Glioblastomas (GBMs) are one of the most difficult cancers to treat. Their success in defying therapy relies in large part on their dynamic cellular heterogeneity and on their ability to subvert their environment, in particular to create an immune suppressive milieu. This project will address the role of the newly discovered communication vehicles in cancer, extracellular vesicles (EVs) which can carry RNA and protein as informational molecules. Our goal is to evaluate to what extent EVs produced by these tumors contribute to an immune suppressive environment through their interaction with tumor-associated macrophages and microglia (TAMs), and to what extent EVs produced by different genetic subtypes of gliomas, and the stem-like cells within these tumors, underlie to their ability to re-define themselves and escape therapy. In Aim 1 we will assess EV-mediated information transfer between glioma tumors and microglia/macrophages in the tumor microenvironment and its effect on immune suppression. In Aim 2 we will evaluate the role of EVs in modulating GBM stem-like cell (GSC) phenotypes and therapeutic resistance. Studies will use syngeneic mouse glioma models as well as human GBM stem-like neurosphere cultures and patient-derived xenograft in mouse models developed with Core C. We will generate an array of vectors to label cells with multiple luciferases and fluorescent proteins, as well as create capsules to contain tumor cells while allowing release of EVs and/or small molecules within the brain. FACS analysis and RNAseq will be used to define the transcriptome of different cell populations in the brain. Biofluids from mice, as well as from GBM patients (Core B), will be sent to Project 2 for protein analysis. Correlative analysis of mRNA/ protein contents and GBM genotypes will be assessed, as well as how EV contents reflect changes in GBM subtype and resistance to therapy. Our findings will be integrated with those of Project 3 in the context of preclinical evaluation of Gene- Mediated Cytotoxic Immunotherapy (GMIC) combined with immune checkpoint inhibition. Organizational oversight of rigor and reproducibility will be provided by Core A. Studies in this project will serve to inform the development of the projected clinical trial by elucidating how EVs influence and report on GBM status, and how they can be manipulated to improve this type of immunotherapy in the context of the GBM brain tumors.

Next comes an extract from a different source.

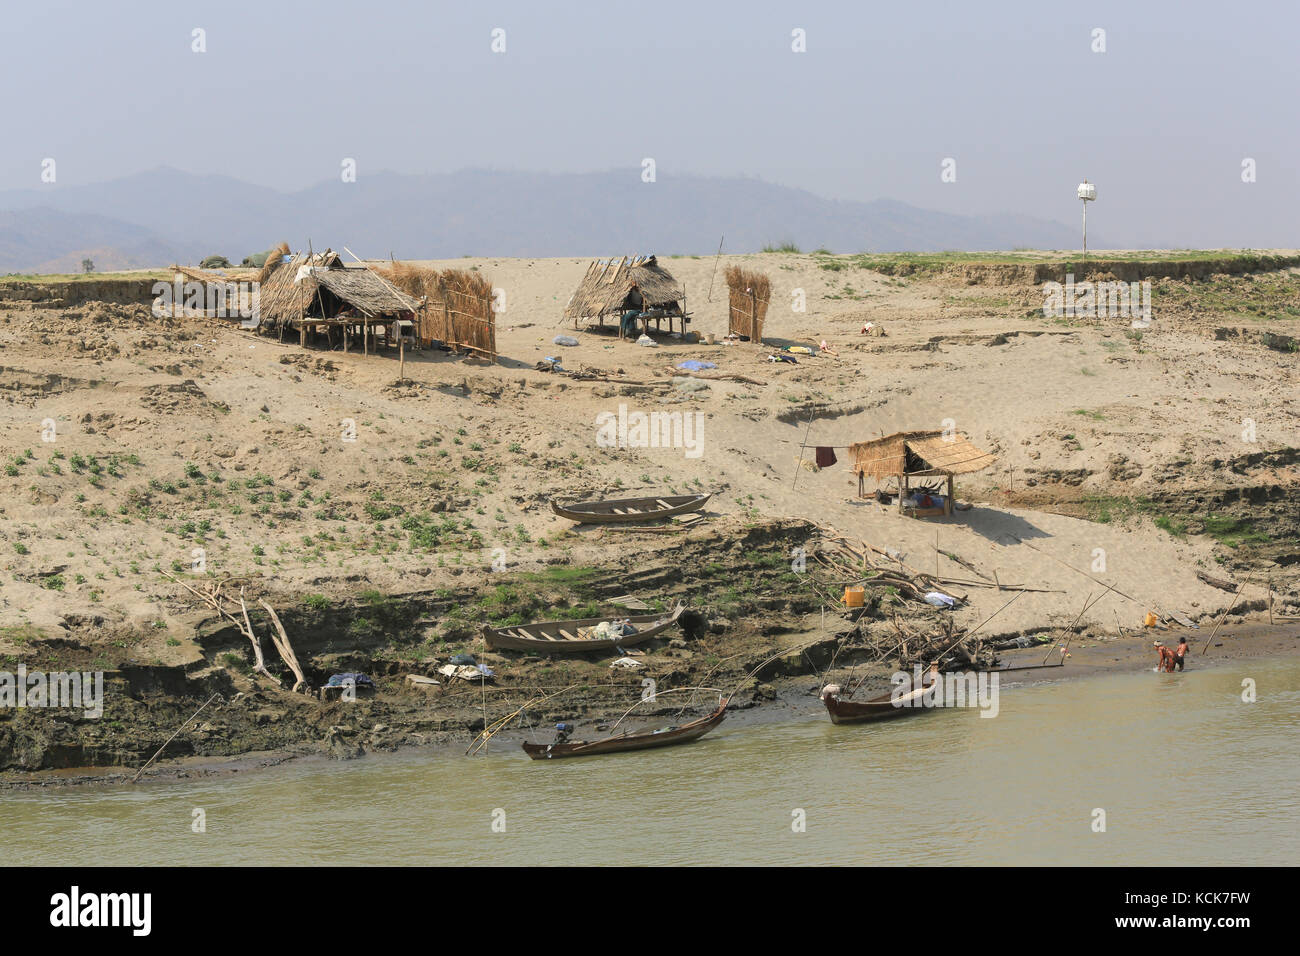 Seasonal huts and shelters along the banks of the Irrawaddy River in Myanmar (Burma). Stock Photo

胶质母细胞瘤(GBM)是最难治疗的癌症之一。他们违抗治疗的成功依赖于 很大程度上取决于它们动态的细胞异质性，特别是它们颠覆环境的能力 以创造一种免疫抑制的环境。这个项目将解决新发现的 癌症中的通讯载体，细胞外小泡(EVS)可以携带RNA和蛋白质作为 信息分子。我们的目标是评估这些肿瘤产生的EV在多大程度上有助于 与肿瘤相关巨噬细胞和小胶质细胞相互作用的免疫抑制环境 (TAMS)，以及不同遗传亚型的胶质瘤和干细胞在多大程度上产生EVS 在这些肿瘤中，基础是他们重新定义自己和逃避治疗的能力。在目标1中，我们将 评估EV介导的肿瘤与肿瘤内小胶质/巨噬细胞之间的信息传递 微环境及其对免疫抑制的影响。在目标2中，我们将评估电动汽车在 调节基底膜干细胞(GSC)表型和治疗耐药性。研究将使用同基因 小鼠胶质瘤模型以及人GBM干样神经球培养和患者来源的异种移植 用CoreC开发的小鼠模型。我们将生成一个载体数组来标记细胞 荧光素酶和荧光蛋白，以及创建胶囊以包含肿瘤细胞，同时允许释放 EVS和/或大脑中的小分子。将使用FACS分析和RNAseq来定义 大脑中不同细胞群的转录组。来自小鼠和GBM患者的生物液(Core B)，将被送到项目2进行蛋白质分析。MRNA/蛋白质含量与基底膜的相关性分析 将评估基因类型，以及EV含量如何反映GBM亚型的变化和对 心理治疗。我们的发现将与项目3的结果结合起来，在基因-临床前评估的背景下- 介导性细胞毒免疫治疗(GMIC)与免疫检查点抑制相结合。组织 严谨性和重复性的监督将由核心A提供。本项目的研究将有助于向 通过阐明EVS如何影响和报告GBM状态以及如何进行计划的临床试验的发展 在GBM脑瘤的情况下，可以操纵它们来改进这种类型的免疫治疗。